THU-DA-6D-Pose-Group/CATRE

Question about the paper about not using CAD models during training

Closed this issue ยท 6 comments

Thanks for sharing great work with code.
I have a simple question related to the papers. I saw that your paper emphasizes not using CAD models during training and inference but utilizing shape priors from SPD. From my understanding, the shape priors you used (SPD) are generated by Farthest Point Sampling (FPS) exact CAD models. I agree that not using exact CAD during inference, but not training. Can you explain the reason you also mentioned training?? Have I missed something??

To solve this dilemma, we propose a novel method for CATegory-level object pose REfinement (CATRE), leveraging the abstract shape prior information instead of exact CAD models.
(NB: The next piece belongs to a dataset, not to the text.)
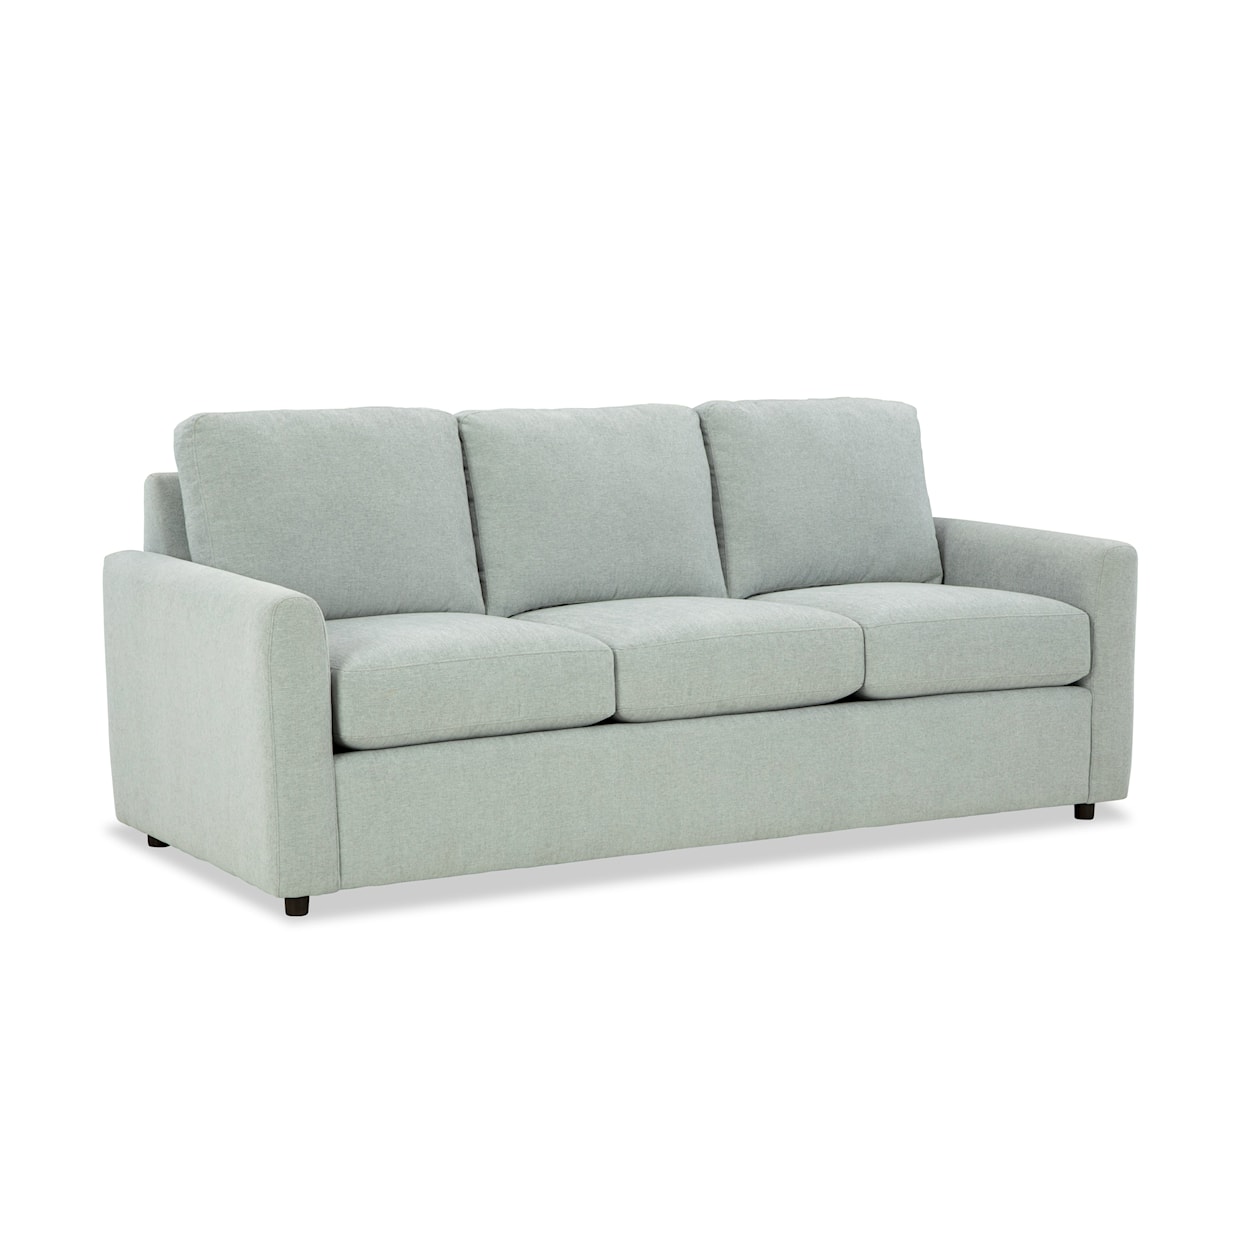 Hickorycraft 738050 Queen Sleeper Sofa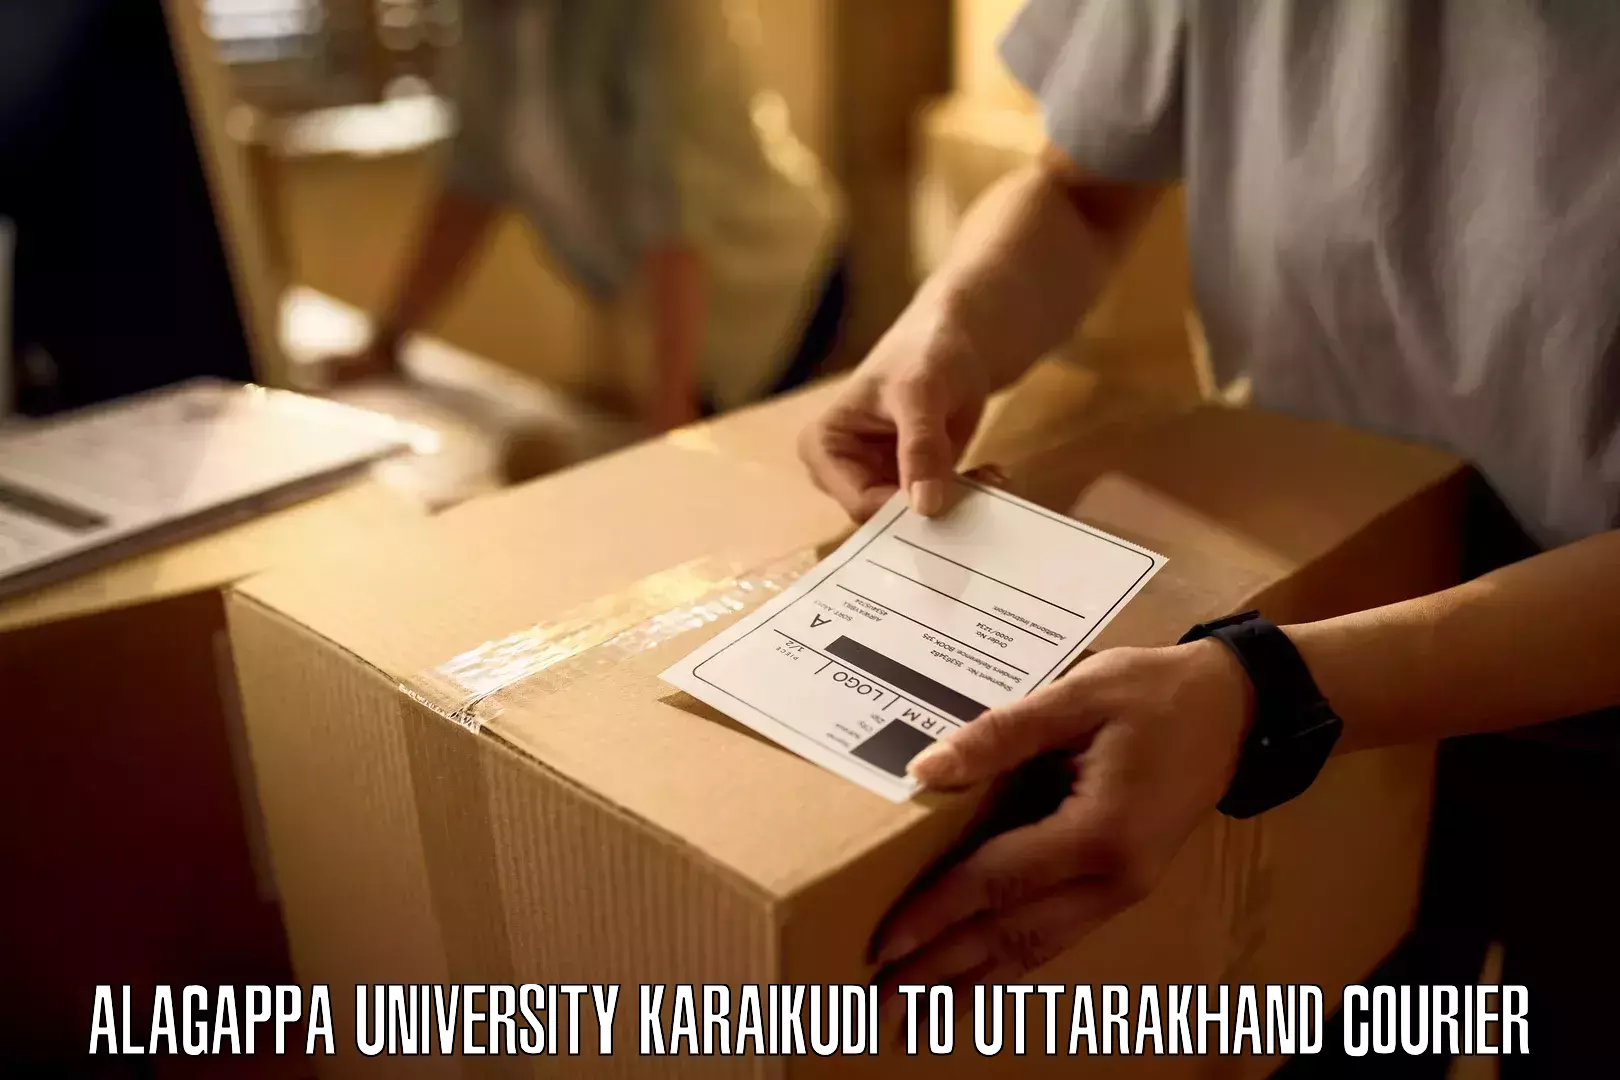 Cash on delivery service Alagappa University Karaikudi to Mussoorie

First, it relies on CAD models to provide supervision signals (i.e., NOCS map) for training, while CATRE does not need exact
CAD models during training or inference.

https://github.com/mentian/object-deformnet/blob/a2dcdb87dd88912c6b51b0f693443212fde5696e/preprocess/shape_data.py#L33

Hi.

A mean shape is reconstructed from the mean latent embedding for each category trained with a large amount of synthetic point cloud models from ShapeNet using an encoder-decoder framework. (Sec3.2)
So only the models from ShapeNet are used rather than the exact CAD models of the training/testing set.

Moreover, for CATRE, you can use 3D bounding boxes or axis as shape prior. They don't rely on any models.

(1) As you know, the CAMERA25 dataset comes from the ShapeNet, as mentioned in the original NOCS paper,

we introduce a spatially context-aware mixed reality method to automatically generate large amounts of data (275K training, 25K testing) composed of realistic-looking synthetic objects from ShapeNetCore [8] composited with real tabletop scenes.

(2) SPD paper mentioned they use the same instance of CAMERA training set to train mean shape.

We collect all the instances in the CAMERA training dataset to train the autoencoder. Shape priors are learned from this collection and used in all experiments.

(3) From my understanding, the points used for training the mean shapes come from ShapeNet CAD models. SPD uses farthest point sampling (FPS) from the ShapeNet CAD models with the encoder-decoder framework.

I agree that 3D bounding boxes or axis are not using CAD during training, but your final proposed CATRE model uses the mean shape. From (1-3) observations, I wonder if you still can argue not using 3D CAD models compared to NOCS. Or Do you use a different dataset to train the mean shape compared to SPD?? What do you think?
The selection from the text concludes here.